◆ What to do:
Without any images, write the data out exactly as it appears.

◆ Recorded information:
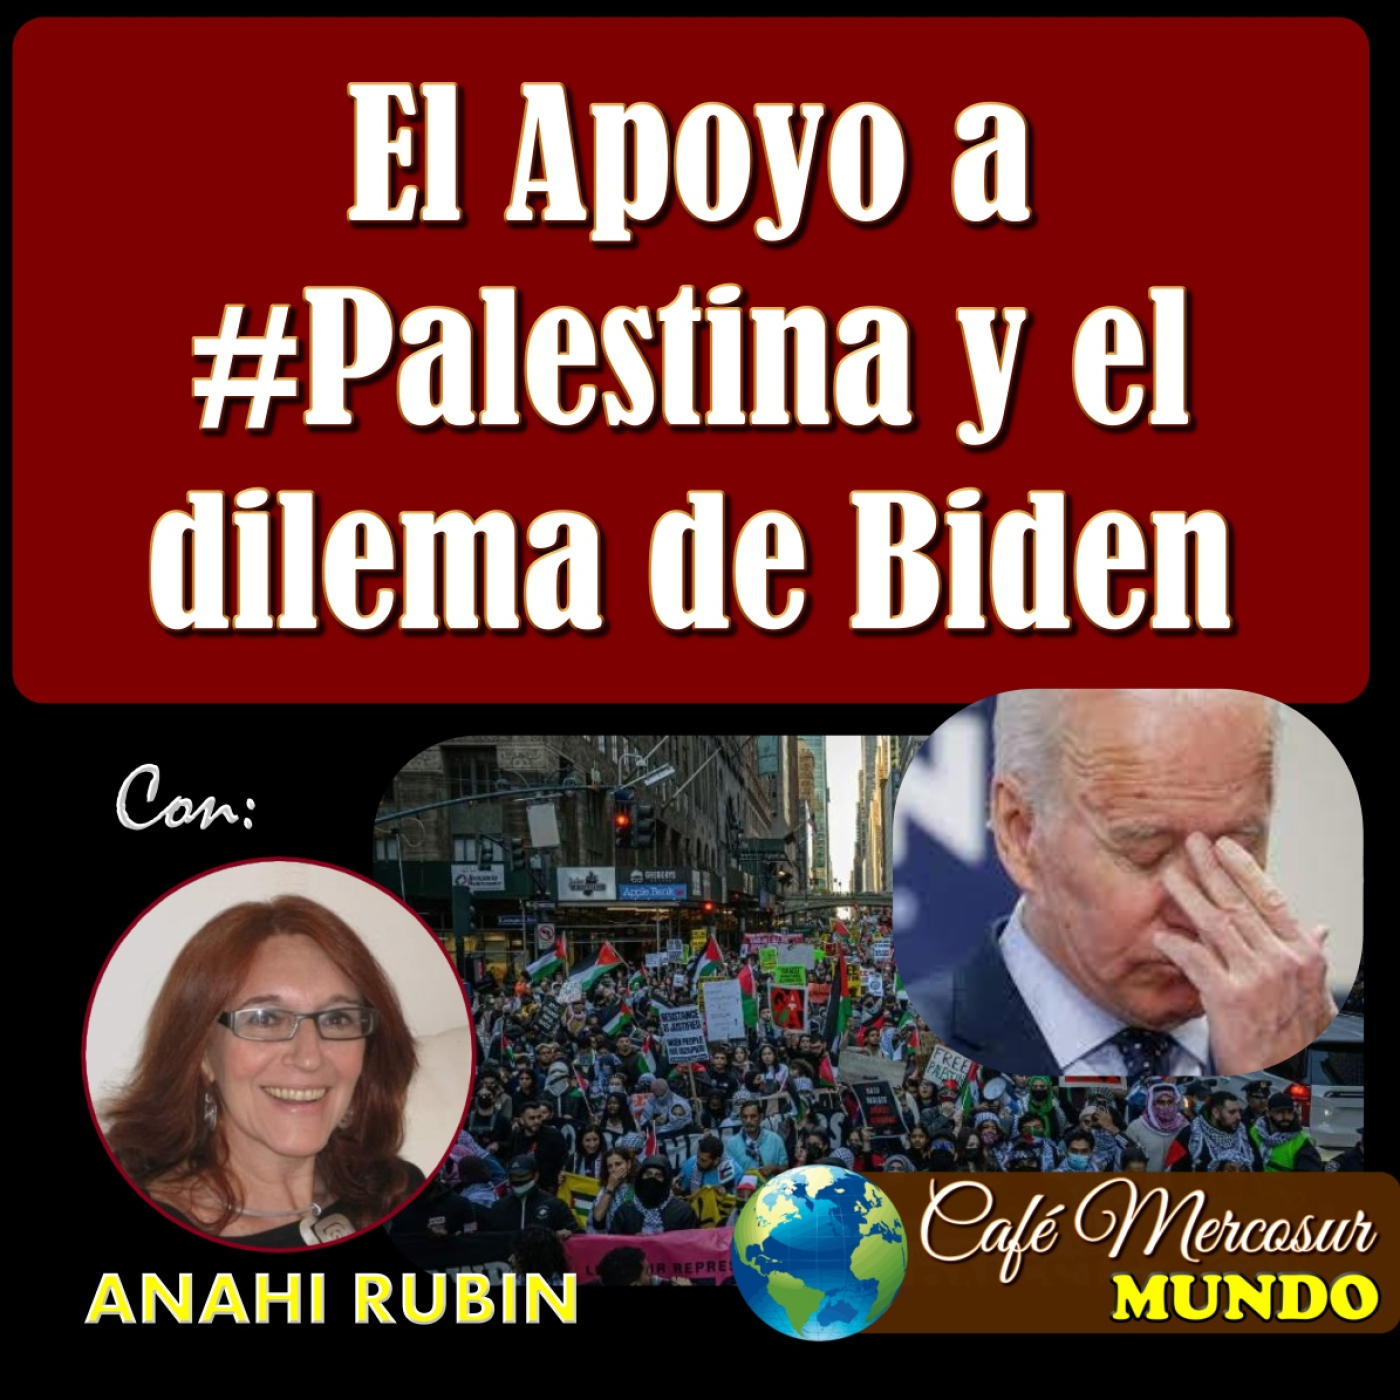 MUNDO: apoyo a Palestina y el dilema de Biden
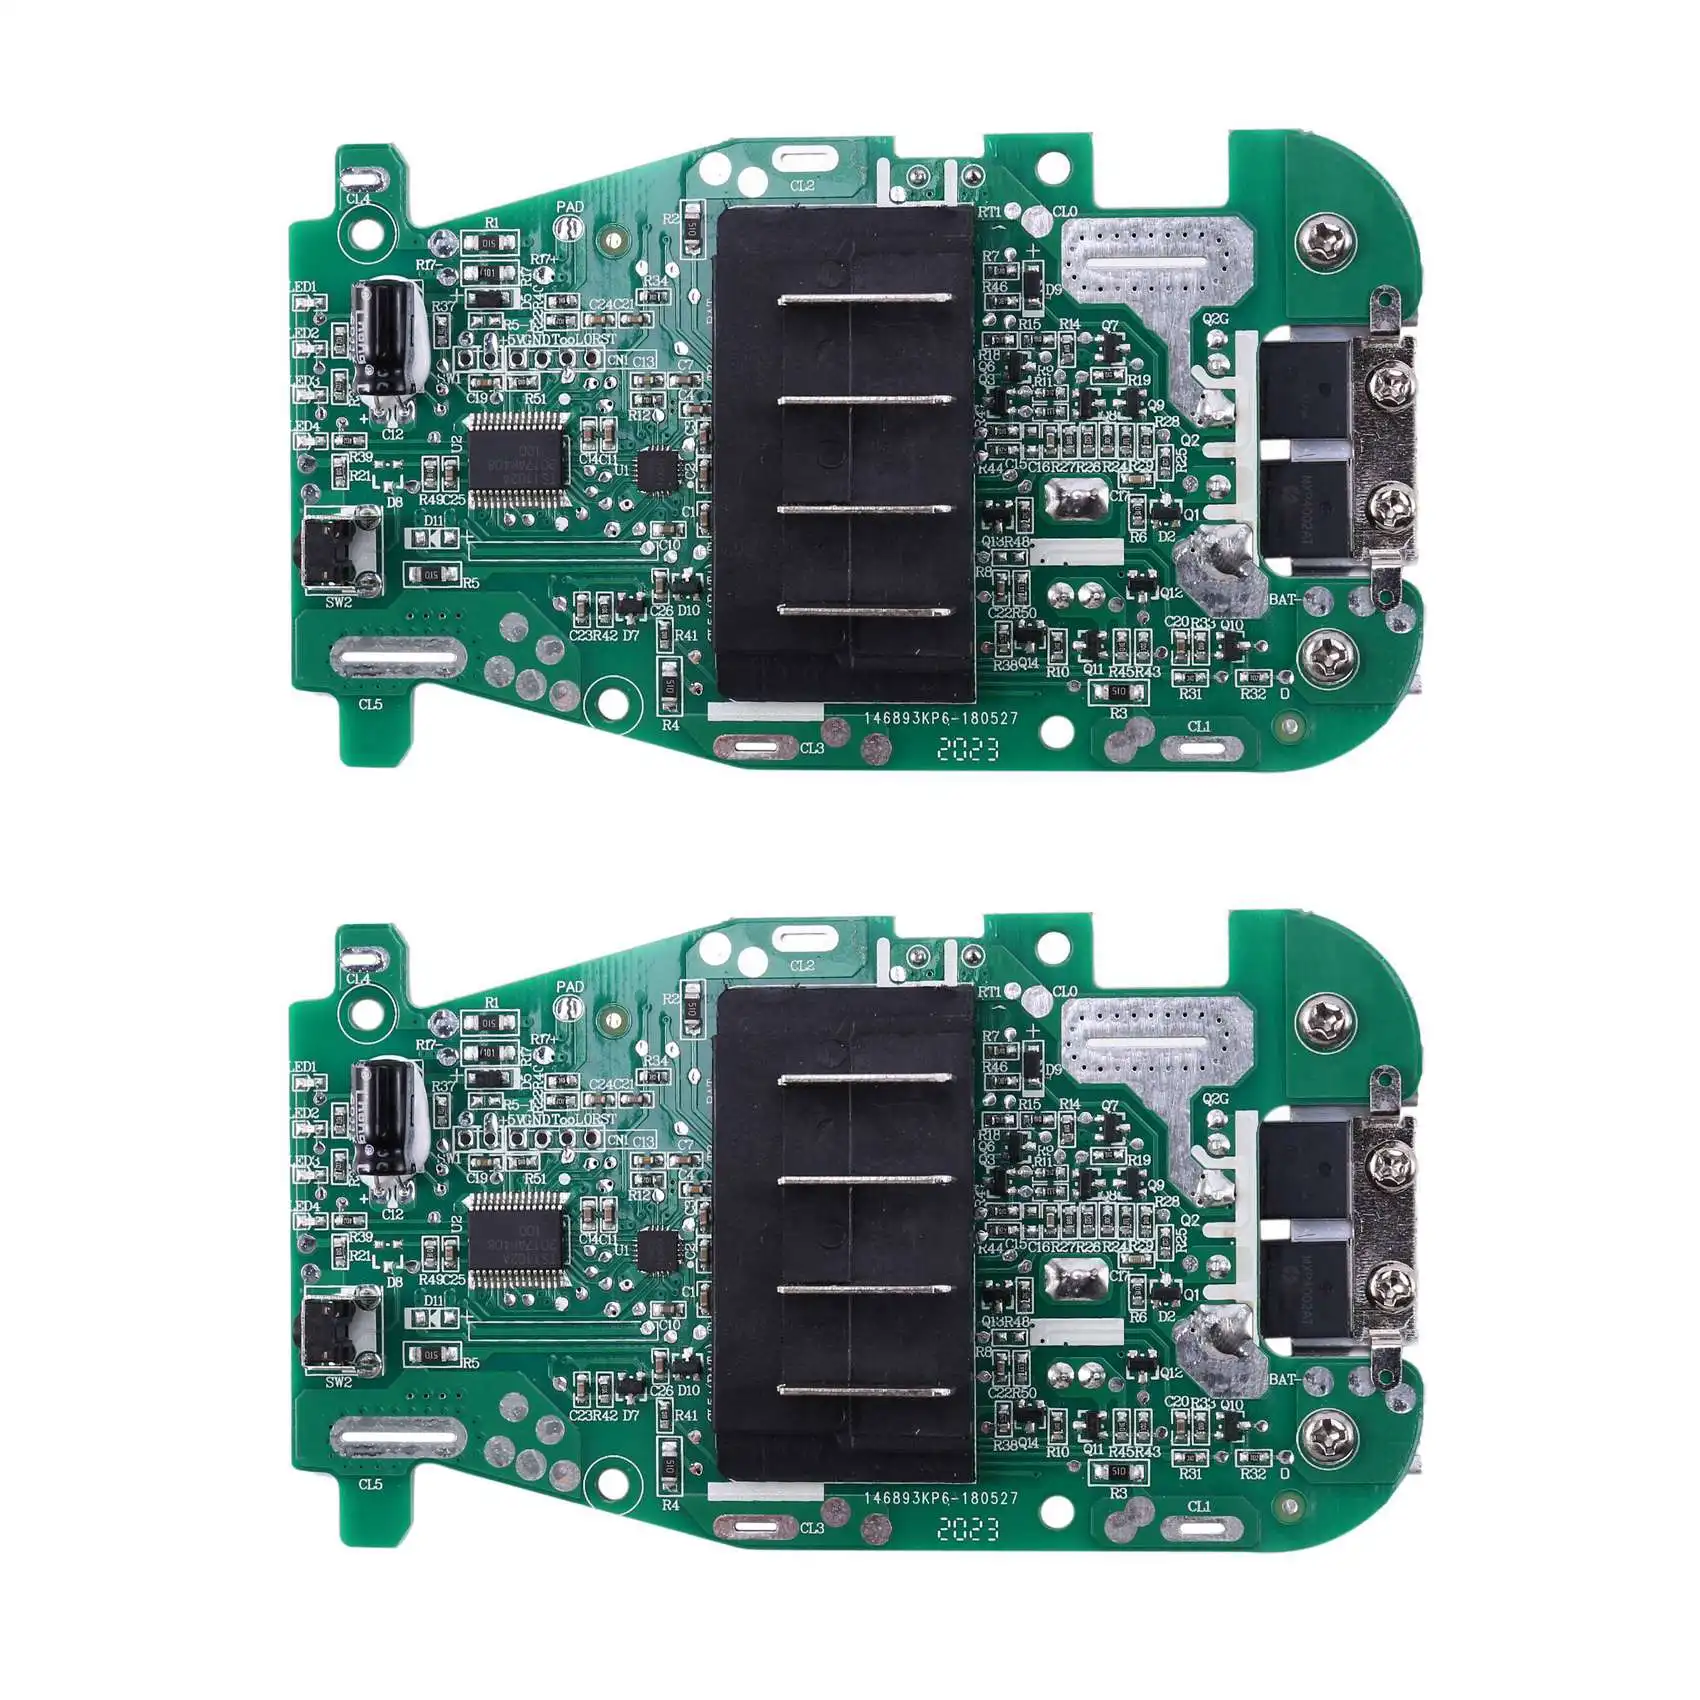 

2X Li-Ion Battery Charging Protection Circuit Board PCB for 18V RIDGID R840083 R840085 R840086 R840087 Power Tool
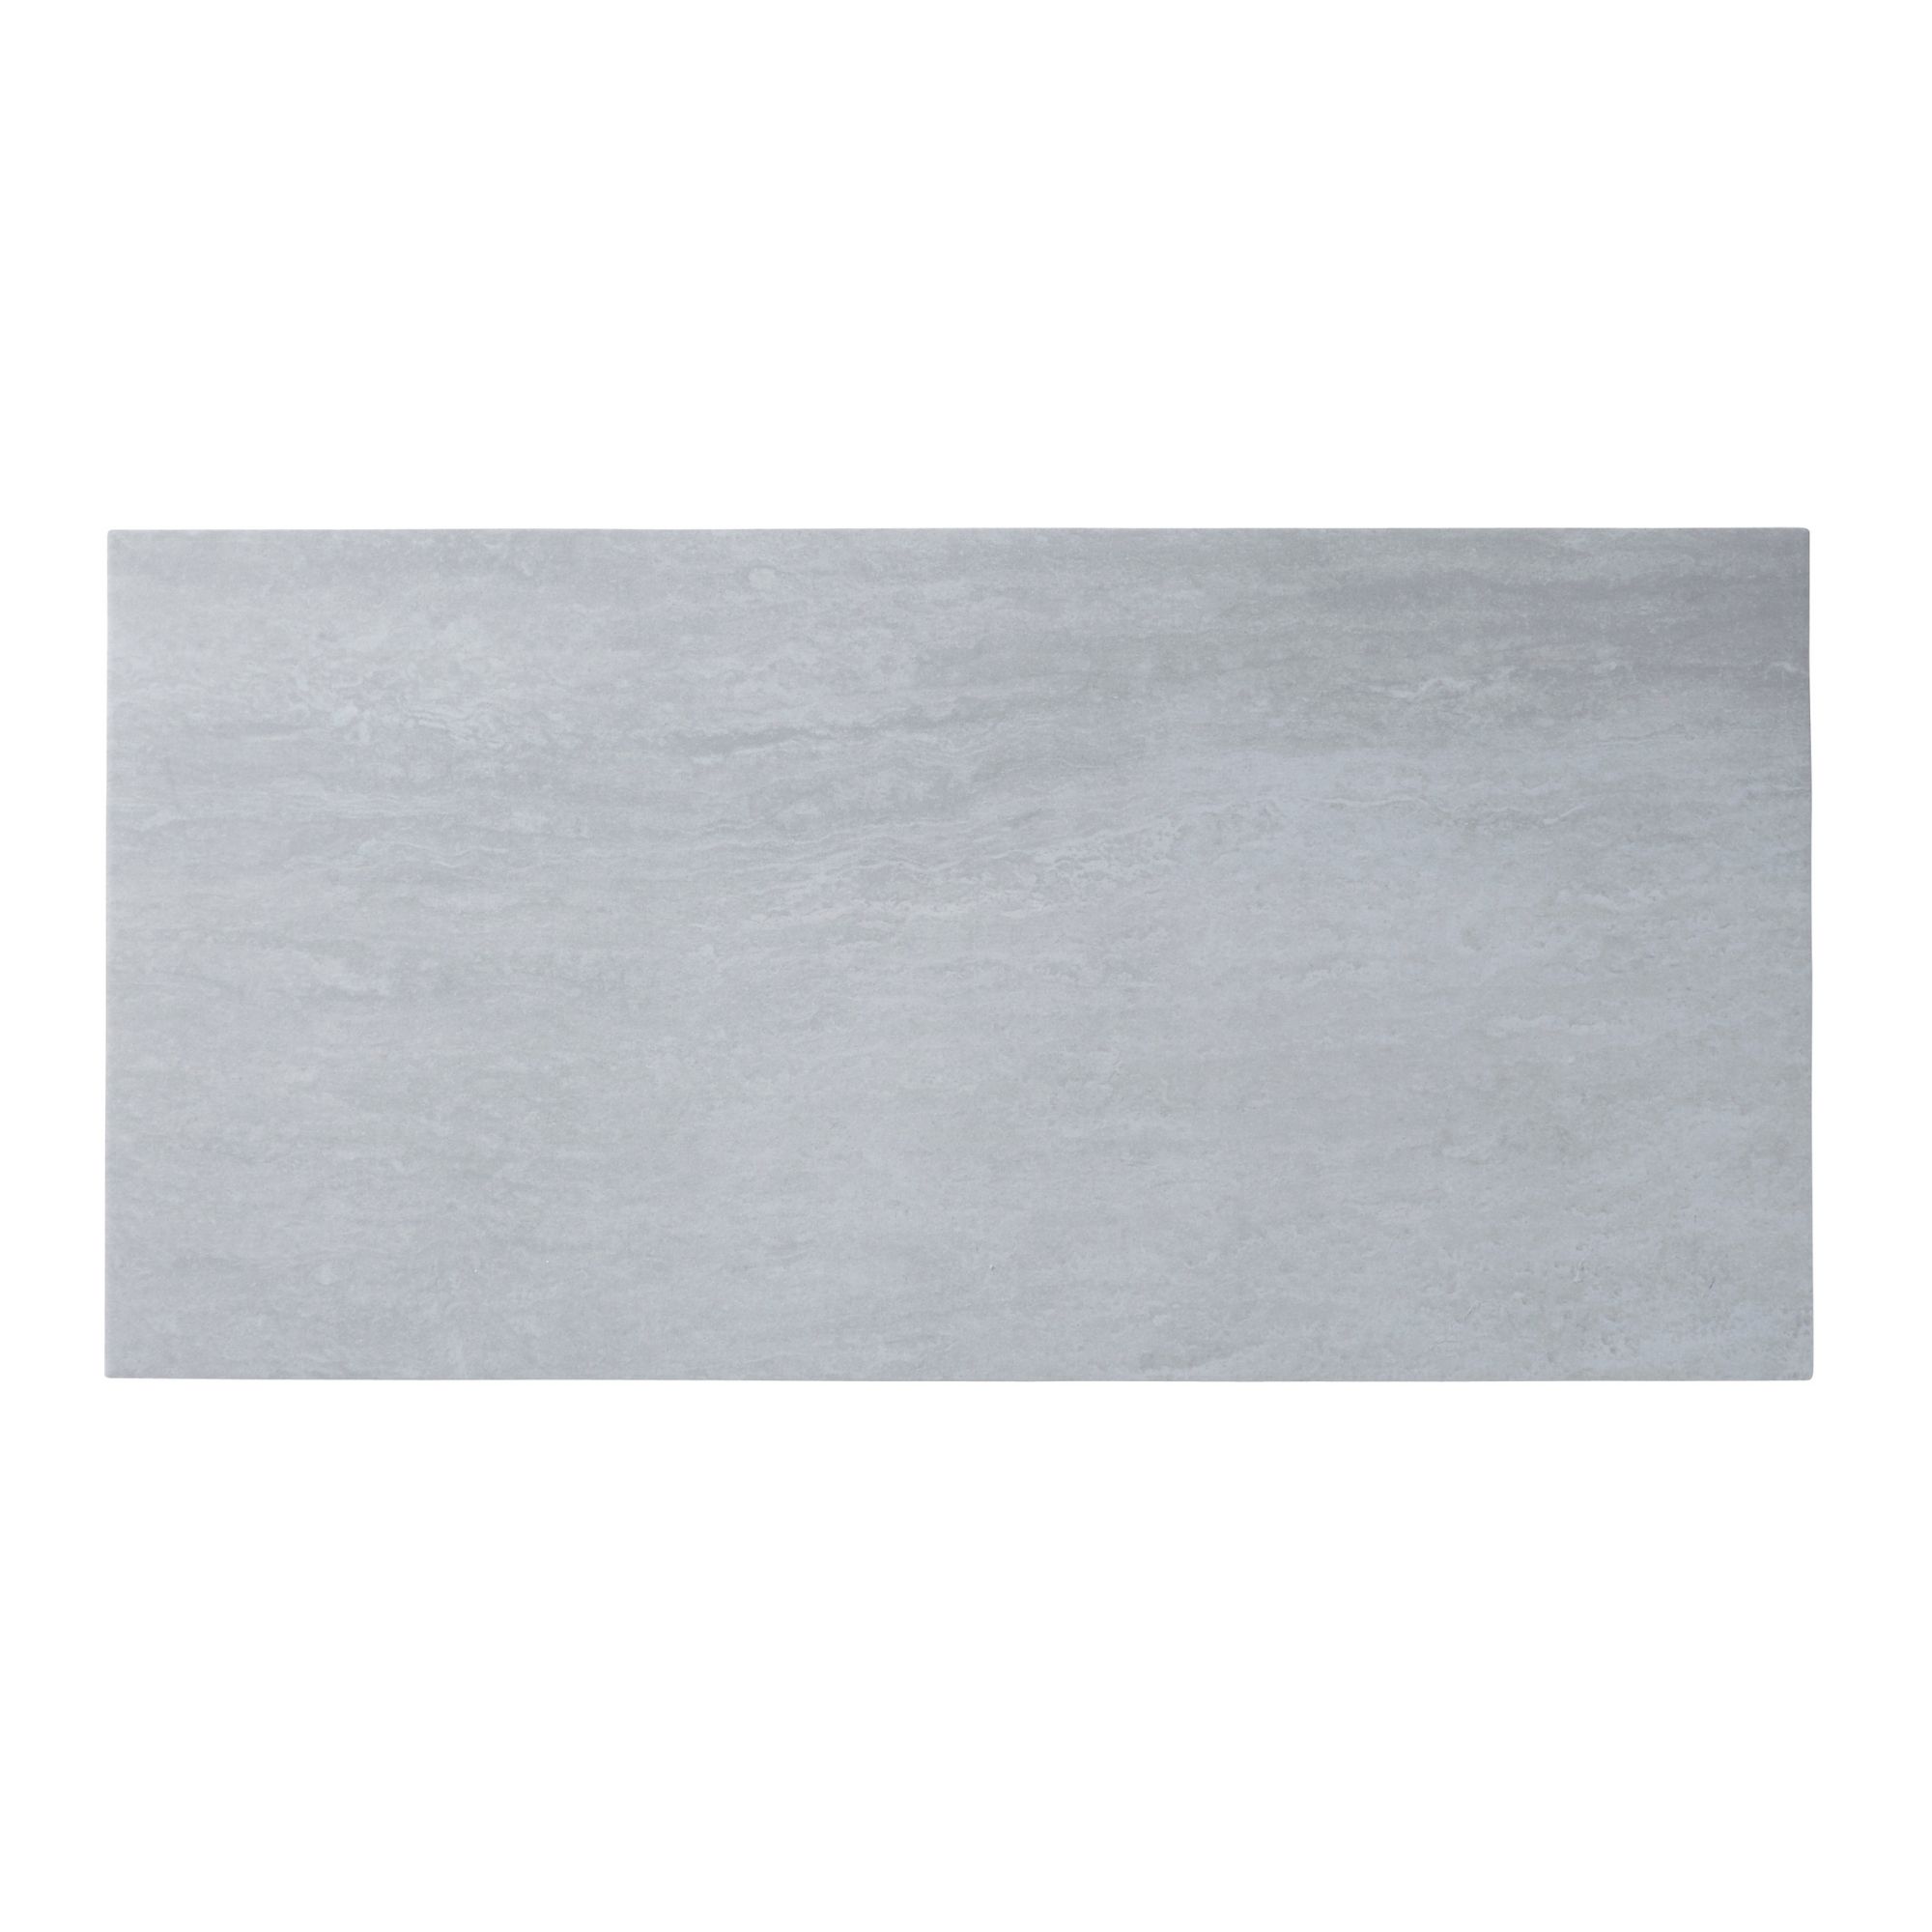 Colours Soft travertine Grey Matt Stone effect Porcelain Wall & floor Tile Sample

◆ Finished task:
 MUNDO: apoyo a Palestina y el dilema de Biden

2X Li-Ion Battery Charging Protection Circuit Board PCB for 18V RIDGID R840083 R840085 R840086 R840087 Power Tool
 Colours Soft travertine Grey Matt Stone effect Porcelain Wall & floor Tile Sample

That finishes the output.